Macrons Idee sieht somit ein Großeuropa und ein Kerneuropa vor. Etwas ähnliches schlug der frühere französische Präsident François Mitterand nach dem Fall des Eisernen Vorhangs vor. Nämlich dass die osteuropäischen Länder, die einst unter sowjetischer Kontrolle standen, einer lockeren europäischen Konföderation beitreten sollten. Allerdings fand die Idee damals kaum Unterstützer, stattdessen kam es 2004 zur EU-Osterweiterung.

Frühere Projekte verliefen im Sande

Welches Schicksal der europäischen politischen Gemeinschaft drohen könnte, zeigt etwa die Union für das Mittelmeer – auch eine Initiative aus Frankreich. 2008 wurde sie als Dialogforum zwischen den EU-Ländern und 15 Mittelmeeranrainerstaaten gegründet, um die Stabilität in der Region zu fördern.

Damals hatte sie der französische Präsident Nicolas Sarkozy als Alternative zu einem EU-Beitritt der Türkei ins Spiel gebracht. Knapp zehn Jahre später verläuft sich das Projekt im Sande.

Doch heute ist die Ausgangslage angesichts der Bedrohung für Europas Sicherheit eine andere. Solange der Ukraine-Krieg andauert, ist das Momentum für die europäische politische Gemeinschaft jedenfalls gegeben. „Als informeller politischer Club hat sie eine reelle Chance“, sagt Nicolai von Ondarza, vom Thinktank Stiftung Wissenschaft und Politik (SWP) gegenüber WELT.

Dass das Interesse bei den EU-Nachbarn an mehr Zusammenarbeit in Bereichen von gemeinsamem geopolitischem Interesse hoch ist, zeigt sich etwa auch daran, dass Großbritannien überraschend am ersten Treffen in Prag teilnimmt, nachdem London sich seit dem Brexit tunlichst von der EU-Bühne ferngehalten hatte.
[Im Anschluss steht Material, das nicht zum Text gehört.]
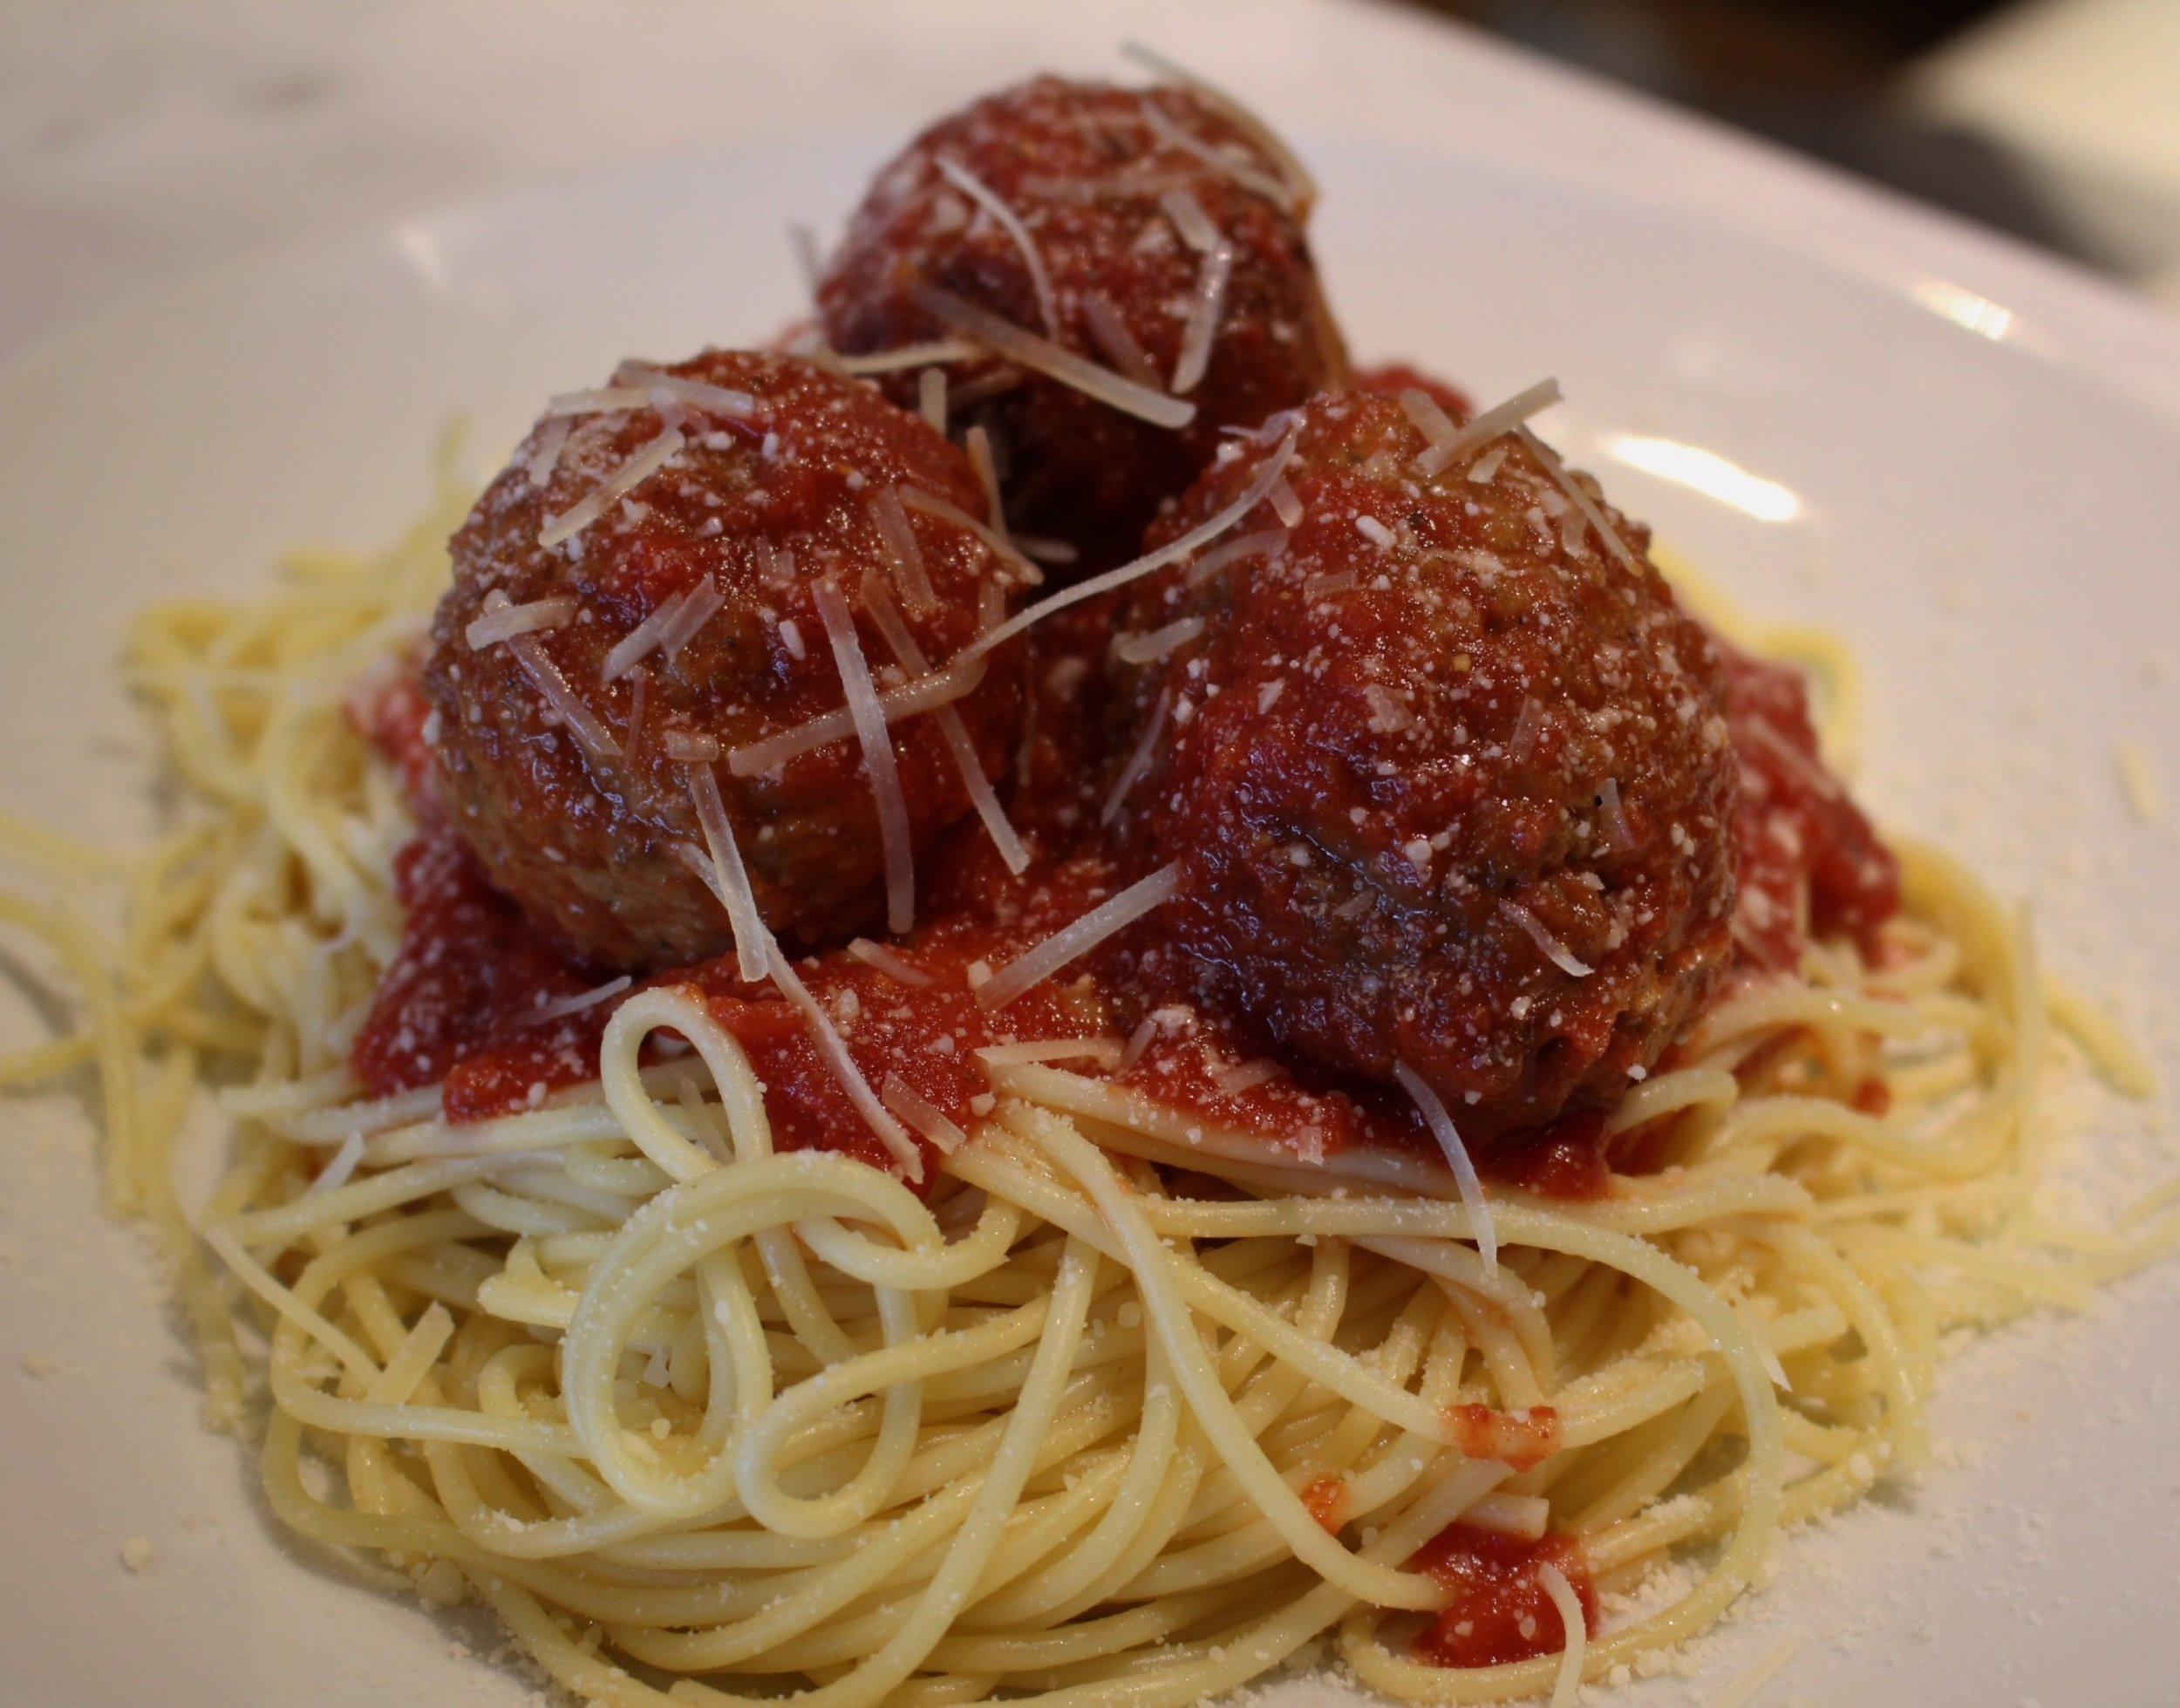 royal-roast-beef-spaghetti-and-meatballs.jpg

Und Deutschland? Bundeskanzler Olaf Scholz unterstützt den französischen Vorstoß. In einer europapolitischen Rede in Prag Ende August betonte er jedoch: „Solch ein Zusammenschluss – das ist mir ganz wichtig – ist keine Alternative zur anstehenden EU-Erweiterung.“

Denn anders als Frankreich, das seit Langem Vorbehalte gegenüber dem Erweiterungsprozess hat, drängt Scholz auf rasche Fortschritte bei der Anbindung der Westbalkan-Staaten. Die Bundesregierung sei zwar nicht gegen Macrons Idee, sie werde aber auch nicht als französisch-deutsches Projekt verkauft, erklärt EU-Experte von Ondarza.
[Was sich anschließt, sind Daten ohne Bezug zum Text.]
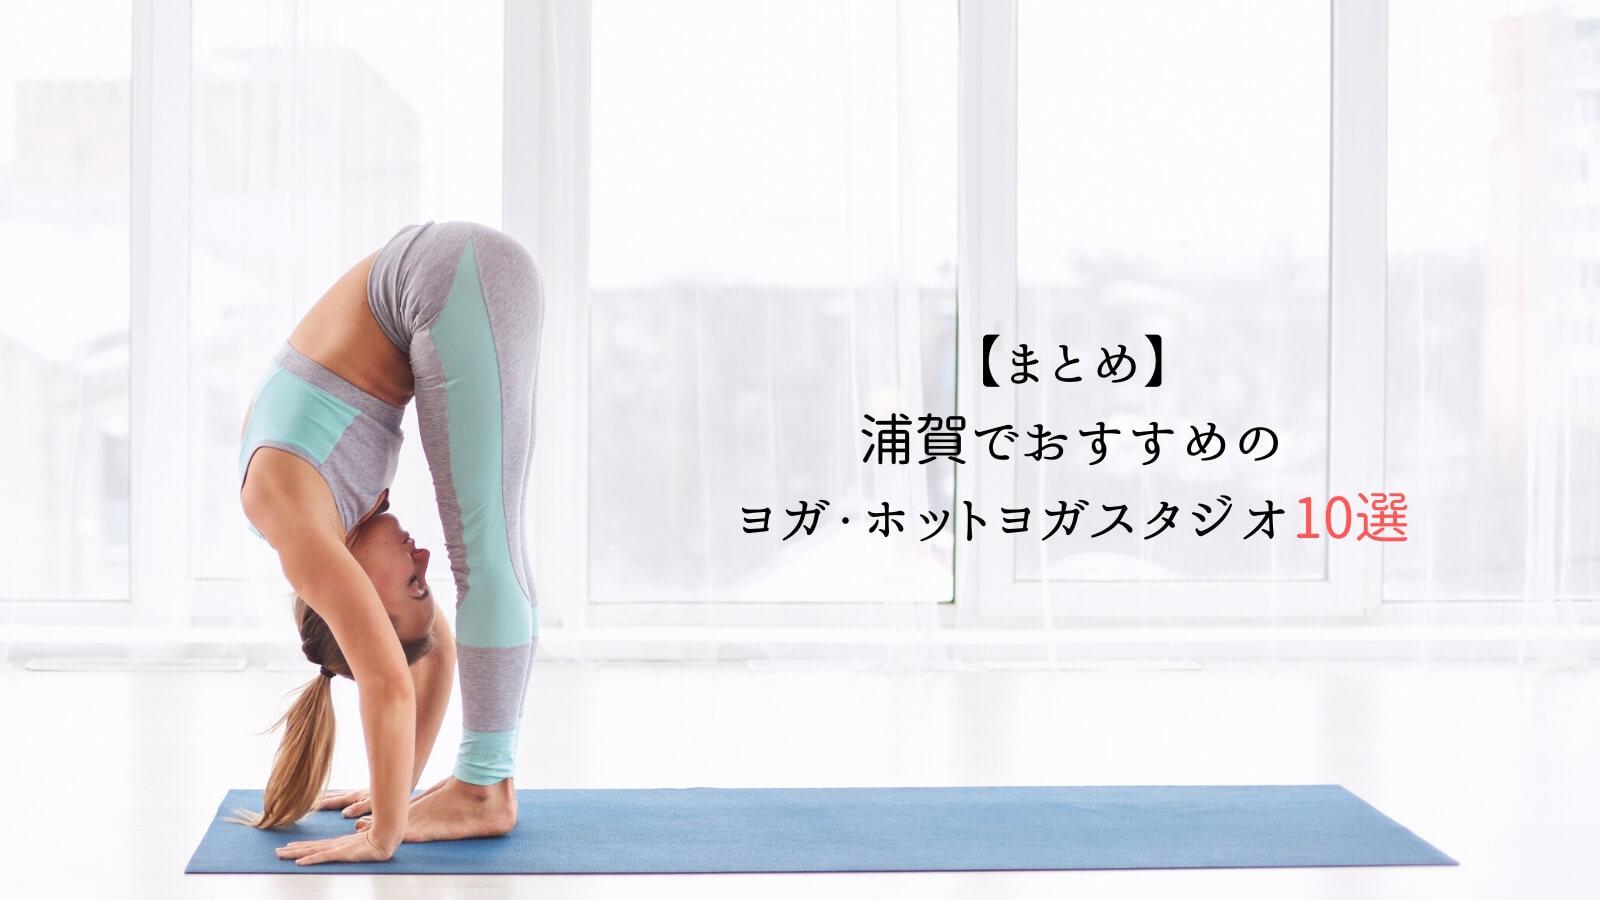 【まとめ】浦賀でおすすめのヨガ・ホットヨガスタジオ10選

Auffällig ist, dass derartige Initiativen meist aus Frankreich kommen – und eben nicht aus Deutschland. Macrons Problem ist jedoch gleichzeitig, dass er seine Visionen für die Zukunft Europas wie die europäische politische Gemeinschaft meist im Alleingang lanciert – und sie vorher nicht mit anderen EU-Partnern abstimmt, um die notwendige Unterstützung zu finden.
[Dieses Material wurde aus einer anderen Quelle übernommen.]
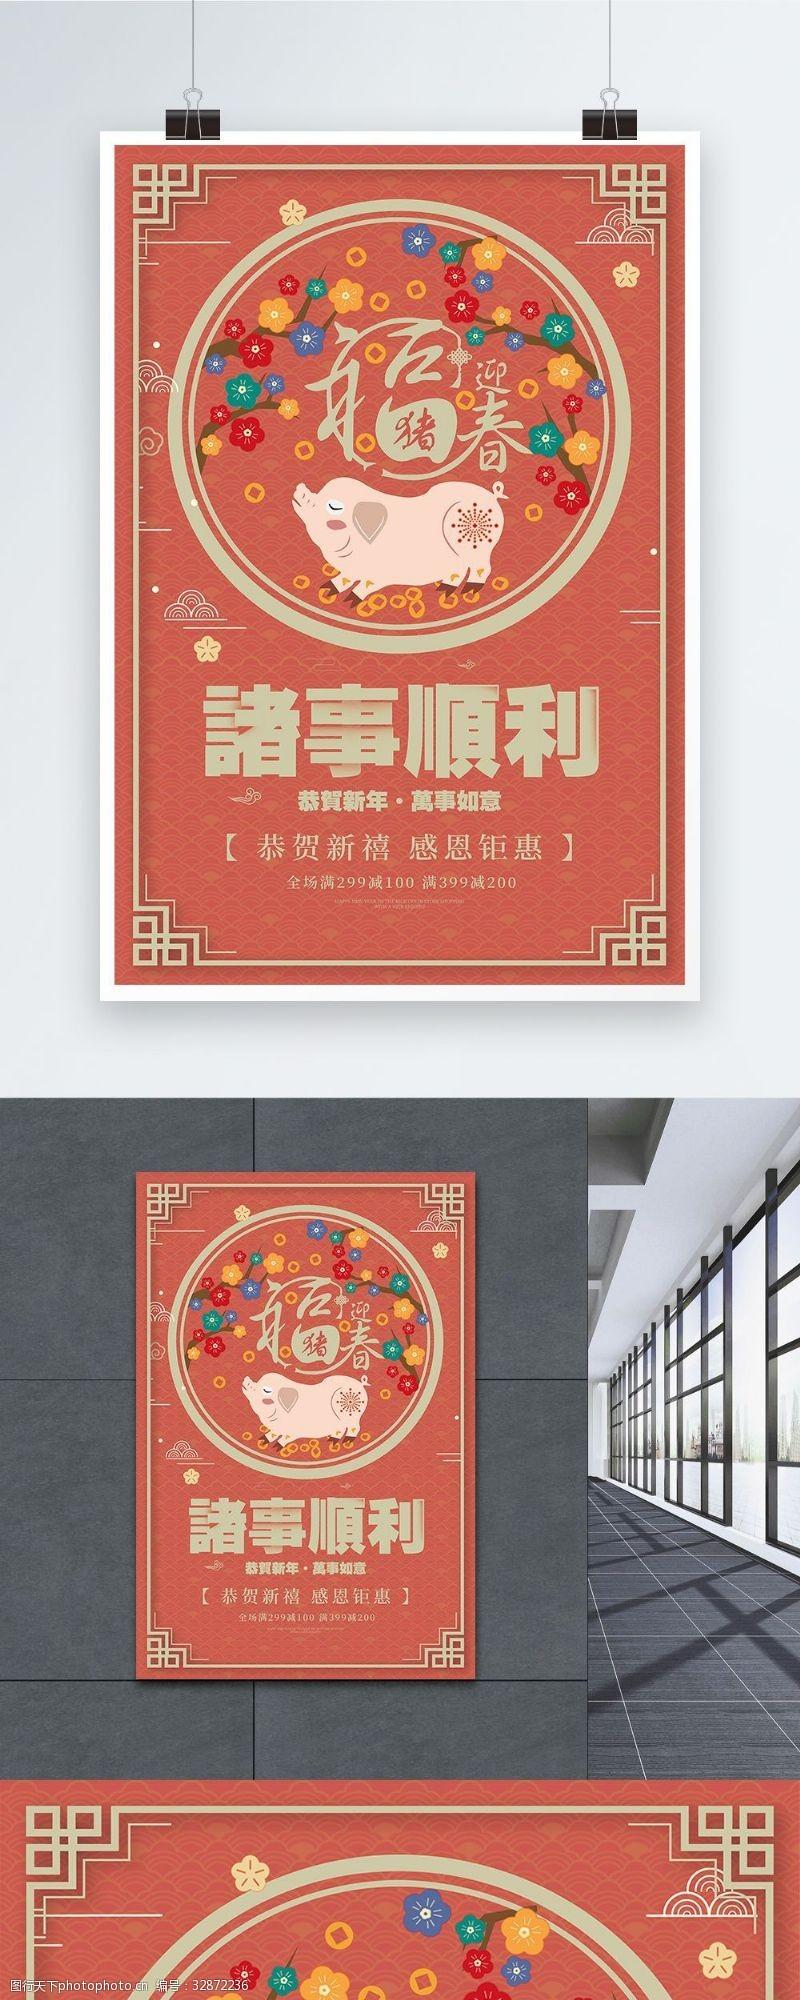 2019諸事順利新年促銷海報設計

Die europäische politische Gemeinschaft hält von Ondarza heute dennoch für aussichtsreicher: „Anders als früher ist die Idee im Schatten des Krieges entstanden, im Moment der Konfrontation mit Russland, welche die europäische Sicherheitsordnung gefährdet.“ Wie nachhaltig die Initiative sein wird, hängt letztlich auch davon ab, wie ernst es Deutschland damit ist.